This repo contains the source code of my project carried out during my academic experience at the University of Bologna and subsequently updated to improve the results.
The primary goal of the project is to estimate the pure premium of an auto insurance portfolio and create tariff classes to identify policyholders' risk factors.
Data comes from the R CASdatasets
package, a collection of datasets originally for the book "Computational Actuarial Science with R" edited by Arthur Charpentier.

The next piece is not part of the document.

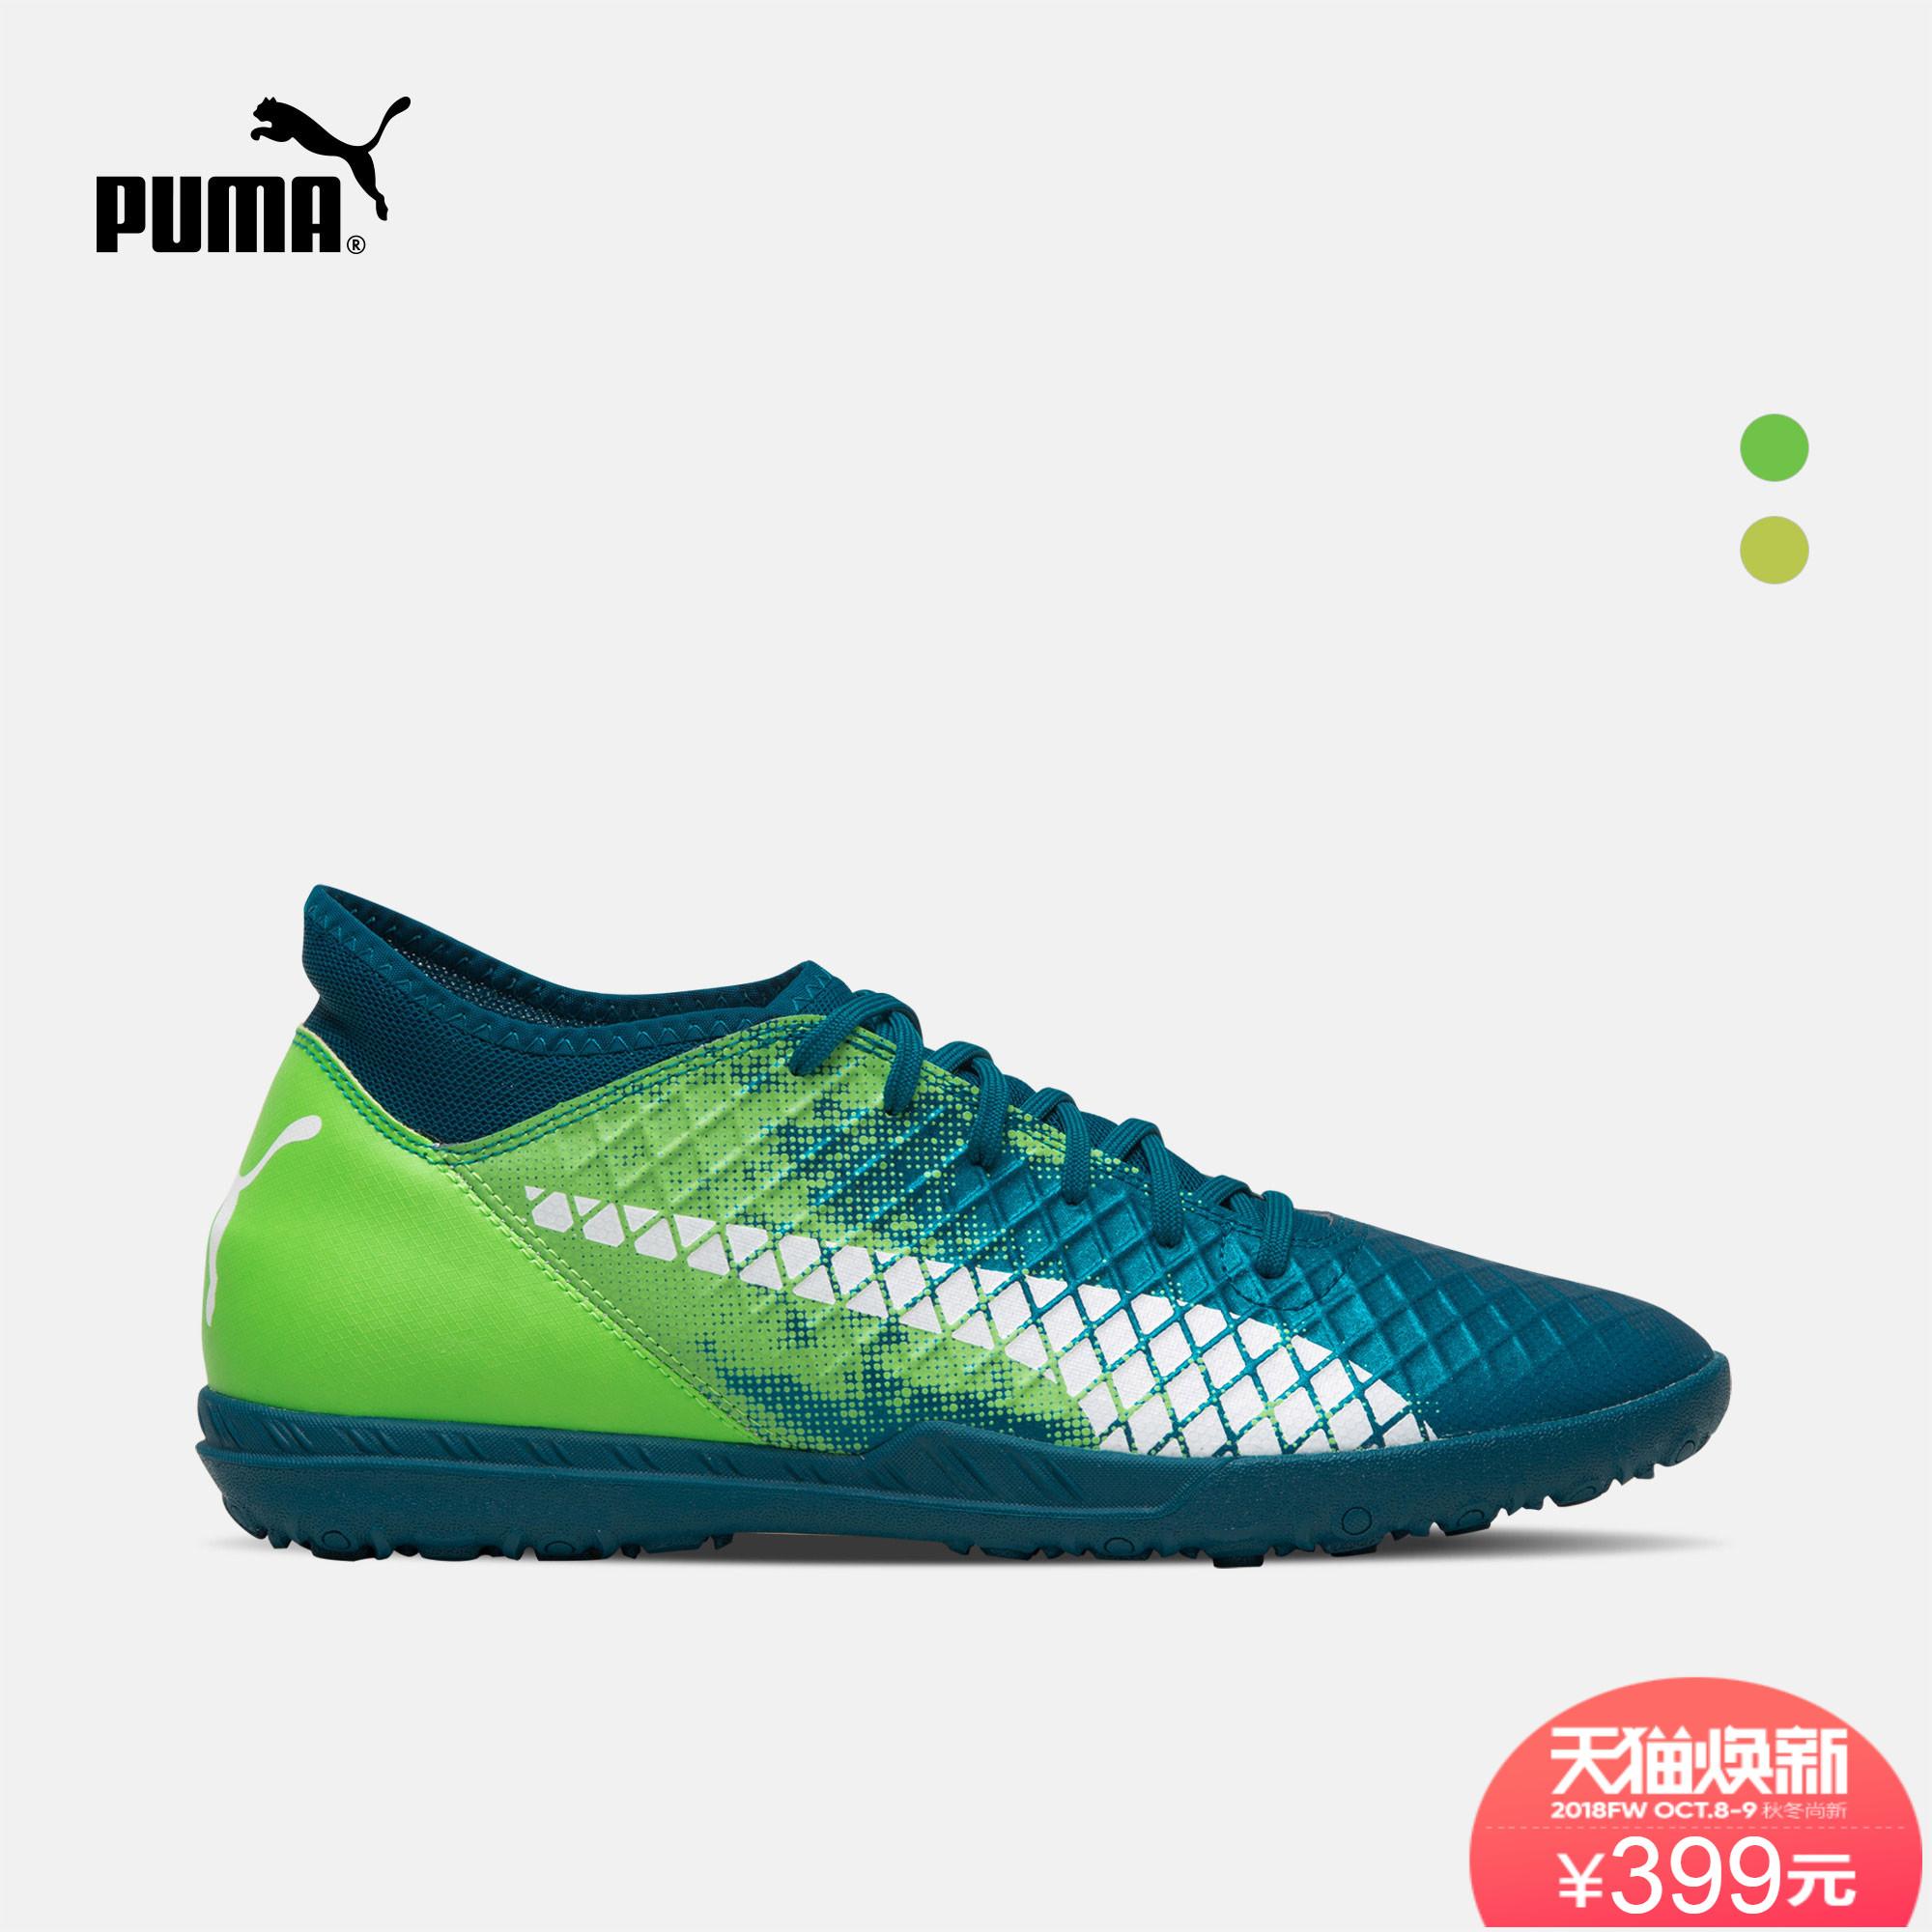 PUMA彪马官方 男子足球鞋 FUTURE 18.4 TT 104339

In particular, the datasets used are freMTPLfreq
, which contains the risk characteristics and the number of claims per policy (413,169 policies), and freMTPLsev
, which contains the claim amount and the corresponding policy ID.
-
Converted numerical features into categorical/ordinal (age of the driver, age of the car, population density) to create tariff risk classes
-
Removed policies with large claims (100th percentile of the distribution of the claim amount variable)
-
Exploratory analysis of features and outcomes
Following the actuarial practice, the pure premium is obtained by multiplying two components, the estimated claim frequency and cost.
Therefore, two models are estimated separately, one for the claim frequency and one for the average claim amount (severity).
As the premium and the new tariff classes will also have to be applied to future policies, Cross Validation techniques are used to select the most relevant features and the most accurate predictive models.
The analysis is structured in the following steps:
-
Splitting data into training and test set
-
Feature selection using the Random Forest algorithm
-
Comparison of different counting data models (Poisson Regression, Negative Binomial, Zero-Inflated and Hurdle models), to predict claim frequency. The models are evaluated using the Dawid-Sebastiani scoring rule on test sample (the lower the better)
-
Gamma Regression to predict claim severity
After choosing the best models using the test sample, they are fitted on the full dataset to calculate the pure premium and then the accuracy of this prediction is evaluated with respect to the observed data, using MAE and RMSE.
The coefficients estimated on the full sample of the two chosen models are exponentiated, and the relativities of the risk factors are calculated from these values.